_WORK ITEM:_
Please print the data shown below without any alteration.

== == ==

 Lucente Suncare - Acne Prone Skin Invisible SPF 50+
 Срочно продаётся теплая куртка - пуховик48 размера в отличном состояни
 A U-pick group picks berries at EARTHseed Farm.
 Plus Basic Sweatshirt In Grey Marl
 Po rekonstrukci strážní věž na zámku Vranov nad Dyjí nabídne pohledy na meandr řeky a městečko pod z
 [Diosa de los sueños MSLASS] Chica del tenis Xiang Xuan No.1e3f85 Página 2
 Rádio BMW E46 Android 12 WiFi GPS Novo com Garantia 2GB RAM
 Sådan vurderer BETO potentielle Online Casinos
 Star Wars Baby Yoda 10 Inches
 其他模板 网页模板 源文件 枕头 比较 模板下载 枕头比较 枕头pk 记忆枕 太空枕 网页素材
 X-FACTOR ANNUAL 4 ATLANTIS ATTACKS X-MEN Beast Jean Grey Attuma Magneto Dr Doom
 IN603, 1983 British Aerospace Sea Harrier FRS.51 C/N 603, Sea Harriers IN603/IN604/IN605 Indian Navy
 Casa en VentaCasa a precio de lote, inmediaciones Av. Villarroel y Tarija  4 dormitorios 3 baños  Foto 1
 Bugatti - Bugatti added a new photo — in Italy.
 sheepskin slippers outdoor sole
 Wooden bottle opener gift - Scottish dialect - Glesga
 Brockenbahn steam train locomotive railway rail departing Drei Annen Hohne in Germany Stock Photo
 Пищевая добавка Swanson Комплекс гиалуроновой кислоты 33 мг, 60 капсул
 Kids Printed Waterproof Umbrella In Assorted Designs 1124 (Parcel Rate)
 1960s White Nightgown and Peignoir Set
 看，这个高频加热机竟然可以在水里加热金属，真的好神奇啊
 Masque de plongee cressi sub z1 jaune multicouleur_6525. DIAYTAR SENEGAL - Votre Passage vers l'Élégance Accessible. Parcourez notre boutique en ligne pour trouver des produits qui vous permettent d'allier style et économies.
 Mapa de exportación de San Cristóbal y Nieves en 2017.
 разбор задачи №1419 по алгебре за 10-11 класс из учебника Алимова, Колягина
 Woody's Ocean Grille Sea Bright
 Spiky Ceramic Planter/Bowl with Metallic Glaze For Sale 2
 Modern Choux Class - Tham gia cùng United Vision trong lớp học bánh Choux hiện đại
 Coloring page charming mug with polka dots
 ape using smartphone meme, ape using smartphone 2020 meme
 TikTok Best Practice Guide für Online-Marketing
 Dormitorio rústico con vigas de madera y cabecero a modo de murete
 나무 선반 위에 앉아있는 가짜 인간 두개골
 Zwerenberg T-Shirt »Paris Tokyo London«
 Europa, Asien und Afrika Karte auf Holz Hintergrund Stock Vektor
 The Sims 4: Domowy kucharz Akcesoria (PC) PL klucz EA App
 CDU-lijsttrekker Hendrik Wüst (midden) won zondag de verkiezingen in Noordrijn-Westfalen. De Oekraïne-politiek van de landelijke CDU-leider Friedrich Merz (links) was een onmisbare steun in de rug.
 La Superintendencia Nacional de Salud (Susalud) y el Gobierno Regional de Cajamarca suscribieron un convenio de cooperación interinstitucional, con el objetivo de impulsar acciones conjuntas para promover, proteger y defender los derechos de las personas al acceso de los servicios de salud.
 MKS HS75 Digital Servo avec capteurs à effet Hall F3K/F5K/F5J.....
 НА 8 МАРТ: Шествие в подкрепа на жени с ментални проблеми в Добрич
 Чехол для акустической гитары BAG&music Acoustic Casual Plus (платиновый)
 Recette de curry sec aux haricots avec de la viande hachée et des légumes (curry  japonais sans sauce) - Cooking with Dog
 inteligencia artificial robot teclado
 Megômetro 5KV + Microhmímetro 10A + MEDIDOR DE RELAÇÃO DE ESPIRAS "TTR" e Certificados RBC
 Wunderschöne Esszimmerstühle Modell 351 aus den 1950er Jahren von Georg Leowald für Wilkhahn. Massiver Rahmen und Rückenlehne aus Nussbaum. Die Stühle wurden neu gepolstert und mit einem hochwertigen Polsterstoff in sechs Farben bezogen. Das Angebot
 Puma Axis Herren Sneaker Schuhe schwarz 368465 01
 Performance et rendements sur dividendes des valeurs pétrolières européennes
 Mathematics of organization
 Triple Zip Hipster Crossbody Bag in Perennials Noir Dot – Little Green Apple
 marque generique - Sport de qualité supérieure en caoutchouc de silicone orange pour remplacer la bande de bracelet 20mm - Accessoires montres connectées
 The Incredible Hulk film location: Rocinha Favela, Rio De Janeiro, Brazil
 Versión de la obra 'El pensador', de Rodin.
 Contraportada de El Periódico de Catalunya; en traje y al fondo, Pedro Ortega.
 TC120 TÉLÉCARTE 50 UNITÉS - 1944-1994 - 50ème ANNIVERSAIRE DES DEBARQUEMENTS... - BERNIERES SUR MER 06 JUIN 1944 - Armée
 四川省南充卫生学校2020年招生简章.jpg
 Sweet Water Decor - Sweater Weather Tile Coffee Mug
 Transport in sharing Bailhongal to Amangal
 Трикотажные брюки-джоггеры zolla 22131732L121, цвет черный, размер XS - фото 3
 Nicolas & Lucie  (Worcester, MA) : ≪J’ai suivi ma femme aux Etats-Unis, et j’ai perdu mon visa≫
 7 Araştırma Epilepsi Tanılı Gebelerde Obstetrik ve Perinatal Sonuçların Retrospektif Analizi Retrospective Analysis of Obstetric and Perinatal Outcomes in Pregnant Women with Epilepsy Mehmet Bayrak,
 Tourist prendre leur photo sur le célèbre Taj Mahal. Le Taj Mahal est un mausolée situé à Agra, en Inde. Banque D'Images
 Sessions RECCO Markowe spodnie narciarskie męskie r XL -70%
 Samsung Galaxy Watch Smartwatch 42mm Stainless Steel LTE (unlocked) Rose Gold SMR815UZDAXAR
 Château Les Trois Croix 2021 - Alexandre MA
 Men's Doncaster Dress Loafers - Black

== == ==

_RESPONSE:_
 Lucente Suncare - Acne Prone Skin Invisible SPF 50+
 Срочно продаётся теплая куртка - пуховик48 размера в отличном состояни
 A U-pick group picks berries at EARTHseed Farm.
 Plus Basic Sweatshirt In Grey Marl
 Po rekonstrukci strážní věž na zámku Vranov nad Dyjí nabídne pohledy na meandr řeky a městečko pod z
 [Diosa de los sueños MSLASS] Chica del tenis Xiang Xuan No.1e3f85 Página 2
 Rádio BMW E46 Android 12 WiFi GPS Novo com Garantia 2GB RAM
 Sådan vurderer BETO potentielle Online Casinos
 Star Wars Baby Yoda 10 Inches
 其他模板 网页模板 源文件 枕头 比较 模板下载 枕头比较 枕头pk 记忆枕 太空枕 网页素材
 X-FACTOR ANNUAL 4 ATLANTIS ATTACKS X-MEN Beast Jean Grey Attuma Magneto Dr Doom
 IN603, 1983 British Aerospace Sea Harrier FRS.51 C/N 603, Sea Harriers IN603/IN604/IN605 Indian Navy
 Casa en VentaCasa a precio de lote, inmediaciones Av. Villarroel y Tarija  4 dormitorios 3 baños  Foto 1
 Bugatti - Bugatti added a new photo — in Italy.
 sheepskin slippers outdoor sole
 Wooden bottle opener gift - Scottish dialect - Glesga
 Brockenbahn steam train locomotive railway rail departing Drei Annen Hohne in Germany Stock Photo
 Пищевая добавка Swanson Комплекс гиалуроновой кислоты 33 мг, 60 капсул
 Kids Printed Waterproof Umbrella In Assorted Designs 1124 (Parcel Rate)
 1960s White Nightgown and Peignoir Set
 看，这个高频加热机竟然可以在水里加热金属，真的好神奇啊
 Masque de plongee cressi sub z1 jaune multicouleur_6525. DIAYTAR SENEGAL - Votre Passage vers l'Élégance Accessible. Parcourez notre boutique en ligne pour trouver des produits qui vous permettent d'allier style et économies.
 Mapa de exportación de San Cristóbal y Nieves en 2017.
 разбор задачи №1419 по алгебре за 10-11 класс из учебника Алимова, Колягина
 Woody's Ocean Grille Sea Bright
 Spiky Ceramic Planter/Bowl with Metallic Glaze For Sale 2
 Modern Choux Class - Tham gia cùng United Vision trong lớp học bánh Choux hiện đại
 Coloring page charming mug with polka dots
 ape using smartphone meme, ape using smartphone 2020 meme
 TikTok Best Practice Guide für Online-Marketing
 Dormitorio rústico con vigas de madera y cabecero a modo de murete
 나무 선반 위에 앉아있는 가짜 인간 두개골
 Zwerenberg T-Shirt »Paris Tokyo London«
 Europa, Asien und Afrika Karte auf Holz Hintergrund Stock Vektor
 The Sims 4: Domowy kucharz Akcesoria (PC) PL klucz EA App
 CDU-lijsttrekker Hendrik Wüst (midden) won zondag de verkiezingen in Noordrijn-Westfalen. De Oekraïne-politiek van de landelijke CDU-leider Friedrich Merz (links) was een onmisbare steun in de rug.
 La Superintendencia Nacional de Salud (Susalud) y el Gobierno Regional de Cajamarca suscribieron un convenio de cooperación interinstitucional, con el objetivo de impulsar acciones conjuntas para promover, proteger y defender los derechos de las personas al acceso de los servicios de salud.
 MKS HS75 Digital Servo avec capteurs à effet Hall F3K/F5K/F5J.....
 НА 8 МАРТ: Шествие в подкрепа на жени с ментални проблеми в Добрич
 Чехол для акустической гитары BAG&music Acoustic Casual Plus (платиновый)
 Recette de curry sec aux haricots avec de la viande hachée et des légumes (curry  japonais sans sauce) - Cooking with Dog
 inteligencia artificial robot teclado
 Megômetro 5KV + Microhmímetro 10A + MEDIDOR DE RELAÇÃO DE ESPIRAS "TTR" e Certificados RBC
 Wunderschöne Esszimmerstühle Modell 351 aus den 1950er Jahren von Georg Leowald für Wilkhahn. Massiver Rahmen und Rückenlehne aus Nussbaum. Die Stühle wurden neu gepolstert und mit einem hochwertigen Polsterstoff in sechs Farben bezogen. Das Angebot
 Puma Axis Herren Sneaker Schuhe schwarz 368465 01
 Performance et rendements sur dividendes des valeurs pétrolières européennes
 Mathematics of organization
 Triple Zip Hipster Crossbody Bag in Perennials Noir Dot – Little Green Apple
 marque generique - Sport de qualité supérieure en caoutchouc de silicone orange pour remplacer la bande de bracelet 20mm - Accessoires montres connectées
 The Incredible Hulk film location: Rocinha Favela, Rio De Janeiro, Brazil
 Versión de la obra 'El pensador', de Rodin.
 Contraportada de El Periódico de Catalunya; en traje y al fondo, Pedro Ortega.
 TC120 TÉLÉCARTE 50 UNITÉS - 1944-1994 - 50ème ANNIVERSAIRE DES DEBARQUEMENTS... - BERNIERES SUR MER 06 JUIN 1944 - Armée
 四川省南充卫生学校2020年招生简章.jpg
 Sweet Water Decor - Sweater Weather Tile Coffee Mug
 Transport in sharing Bailhongal to Amangal
 Трикотажные брюки-джоггеры zolla 22131732L121, цвет черный, размер XS - фото 3
 Nicolas & Lucie  (Worcester, MA) : ≪J’ai suivi ma femme aux Etats-Unis, et j’ai perdu mon visa≫
 7 Araştırma Epilepsi Tanılı Gebelerde Obstetrik ve Perinatal Sonuçların Retrospektif Analizi Retrospective Analysis of Obstetric and Perinatal Outcomes in Pregnant Women with Epilepsy Mehmet Bayrak,
 Tourist prendre leur photo sur le célèbre Taj Mahal. Le Taj Mahal est un mausolée situé à Agra, en Inde. Banque D'Images
 Sessions RECCO Markowe spodnie narciarskie męskie r XL -70%
 Samsung Galaxy Watch Smartwatch 42mm Stainless Steel LTE (unlocked) Rose Gold SMR815UZDAXAR
 Château Les Trois Croix 2021 - Alexandre MA
 Men's Doncaster Dress Loafers - Black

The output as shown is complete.